I had invested my life. I had spent my life, out of the world’s horizon of possibilities, in one tiny area. I had invested most of my health and youthful vitality into two small children.

Homeschool them, He had whispered that day.

And through my tears, and hopes, I obeyed, never imagining how far into the horizon of my life this journey would take me.

And again, He said, year after year.

And when I look back now, with my hurting back of older age and the gray hairs that crown my face, it was a worthless life, one the world throws away.

“Heaven always recognizes the fathers and the mothers who pay the price and create momentum for following generations. Fathers and mothers, in eternity, always receive benefits (if you will) from what their investment provided in future generations . . .

Be willing to be the first in your family to break into something.

Be willing to pay the price to get a breakthrough that the rest of your descendants will benefit from because heaven applauds those whose . . . anointing is less, but they created the momentum so that another generation could inherit it and take it to a place they never had time to go.”

Bill Johnson in The Test For Promotion

“She threw away her talents!” they exclaim. My national government, the university and others had thrown money at me in my youth. “Study and take this valued position,” they offered.

And I did, for a while.

And then I homeschooled my kids for many, many years.

Why?

I don’t know.

I’m following my Saviour, and this is where He led me.

He seems to be leading some others there, too.

I am not a chess player, but only one of His pieces.

I must trust that my life, rightly lived, opens the door to the wind of the spirit of His work in the world.

And where is He leading me next?

It doesn’t matter.

Because in His arms, I can place the stewardship of my life. I feel alive there. I pray for you, too, to be set free from the snares of the approval our society offers, entangled by the search for ever more wealth, when we have enough food for today.

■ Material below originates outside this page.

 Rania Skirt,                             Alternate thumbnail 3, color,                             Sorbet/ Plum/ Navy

I pray for the strength to invest in little people if He calls you to set aside time for this.

And not everyone is called to homeschool, of course.

But wherever He calls you, I pray you follow.

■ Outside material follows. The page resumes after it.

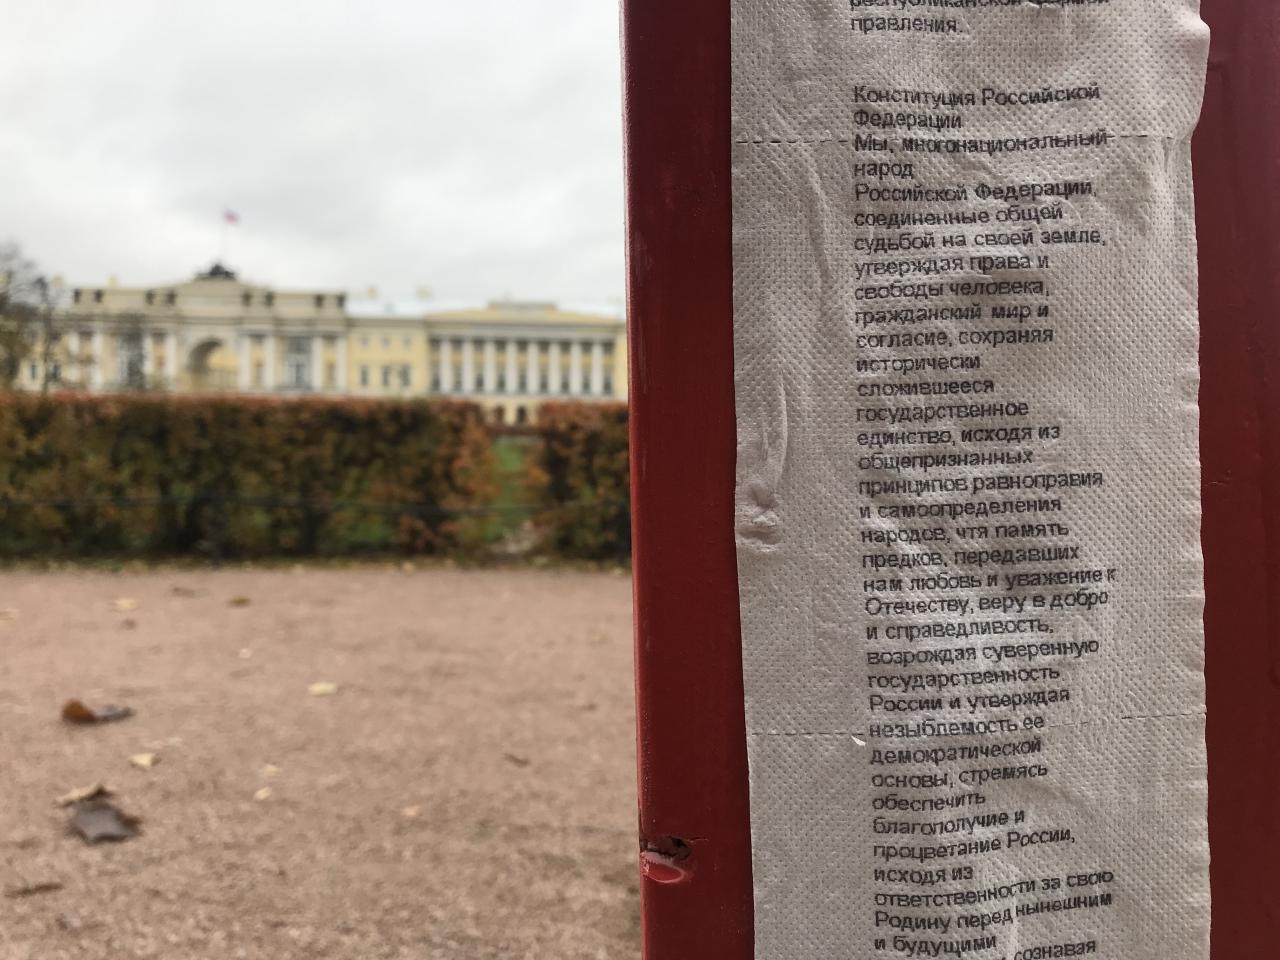 Интересный арт-объект был установлен рядом с конституционным судом в Санкт-Петербурге

And in each season of our lives, may we lay down how we thought life would be and pick up the strange reality of His life at work through a group of people ready to join the adventure.

Where is He leading you in this season?

Need some water for the journey? I hold out my canteen to you. And come on, let’s rest in this cabin we stumbled across before we start again, journeying tomorrow.

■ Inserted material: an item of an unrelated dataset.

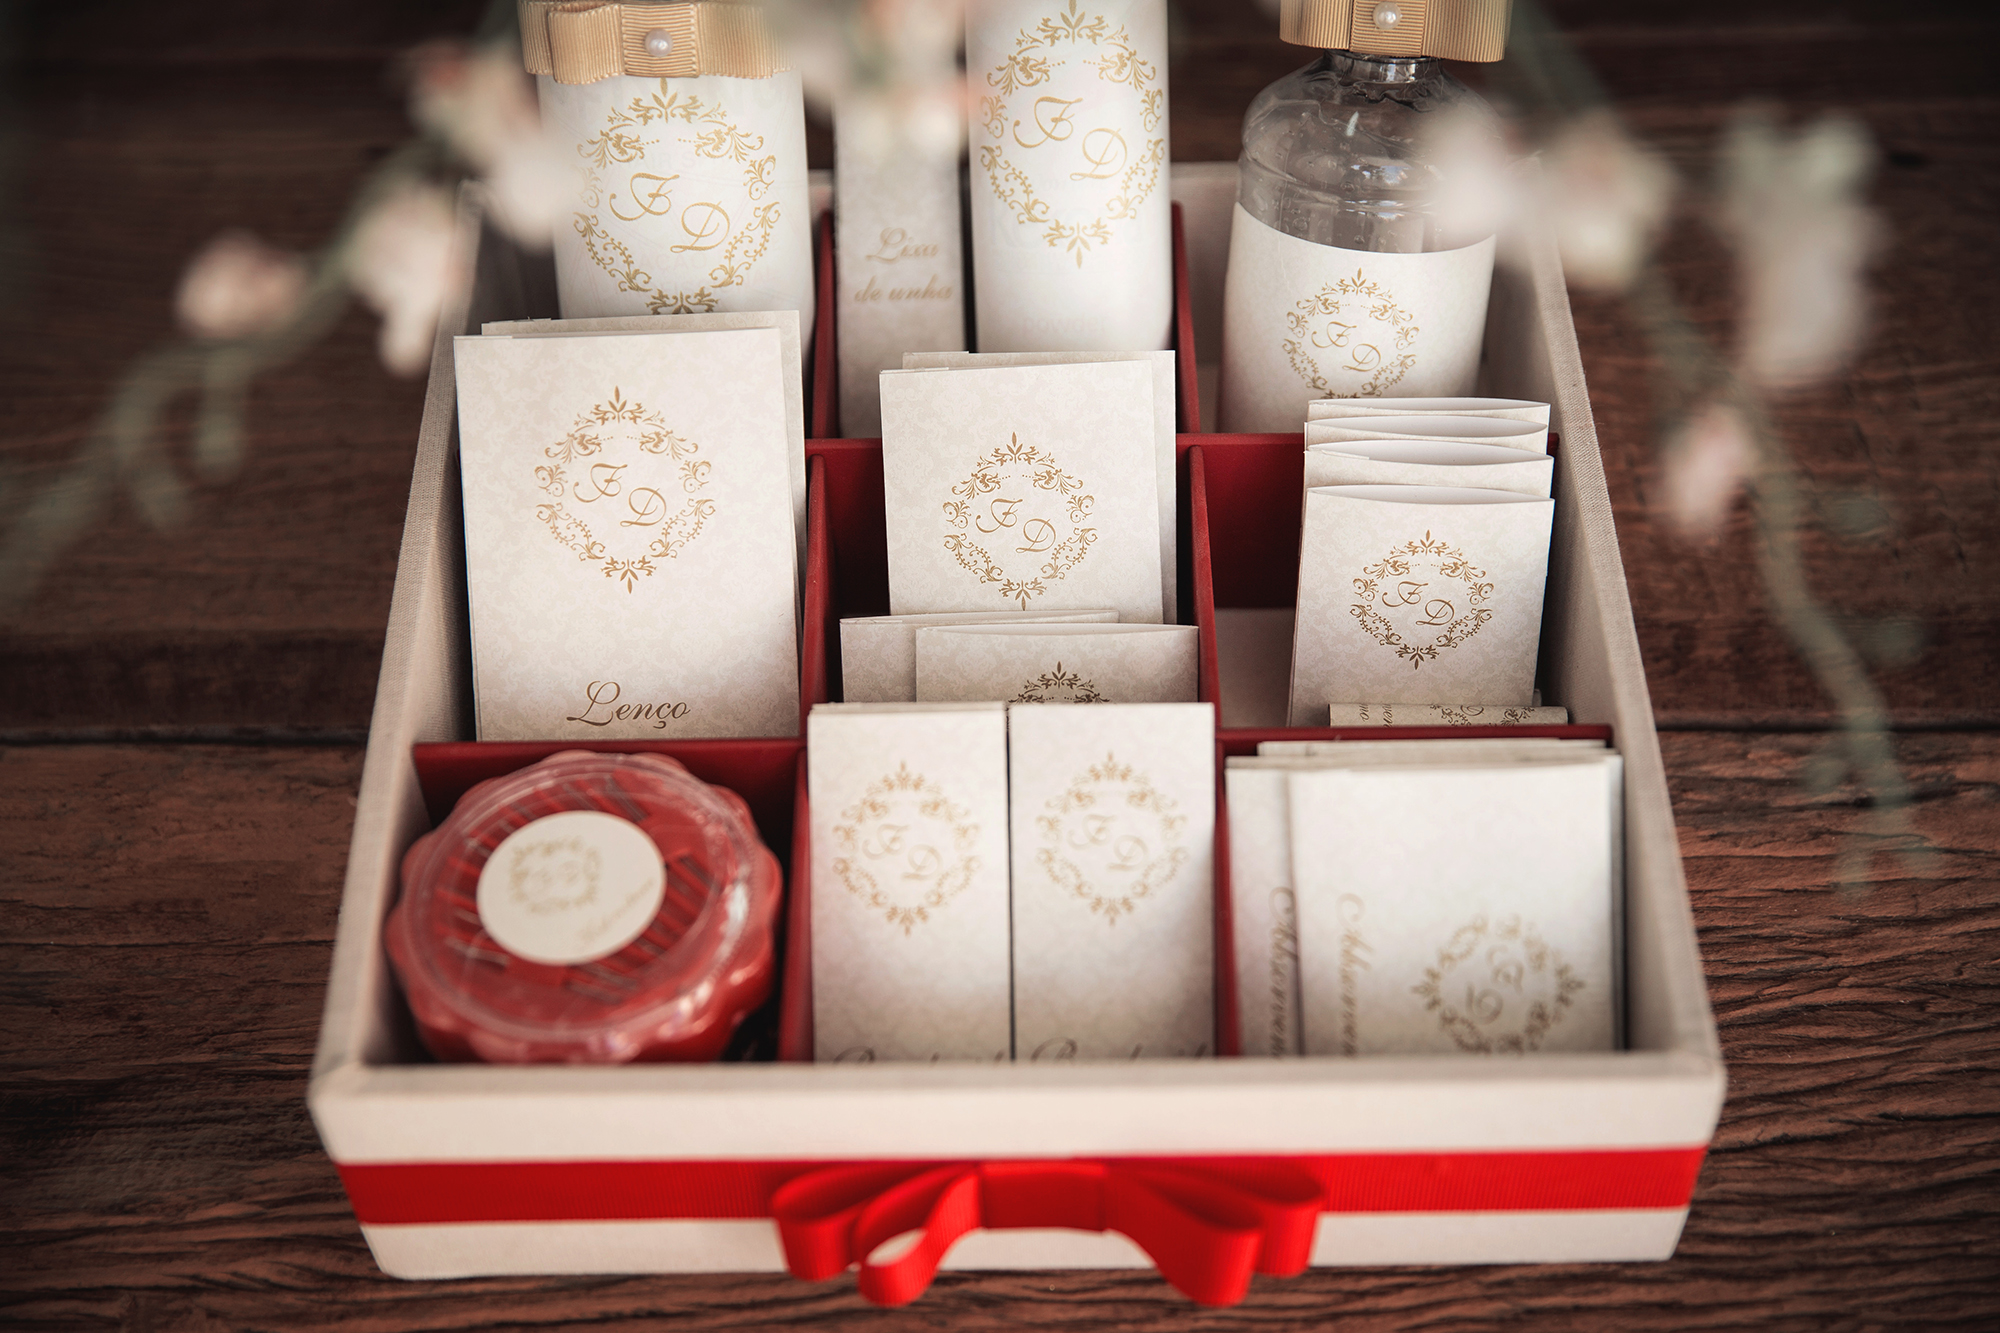 Kit toilette para casamento: O que não pode faltar

A little rest will do us good.

“Come to me. Get away with me and you’ll recover your life. I’ll show you how to take a real rest . . . Keep company with me and you’ll learn to live freely and lightly.”

The Message

Have any food to share?

And may you have the strength to journey on again tomorrow, friend.

May the food God sends you be enough for today.

God then told Elijah . . . “You can drink fresh water from the brook; I’ve ordered the ravens to feed you.”

The Message

God, may we be awakened to see with Your eyes we pray.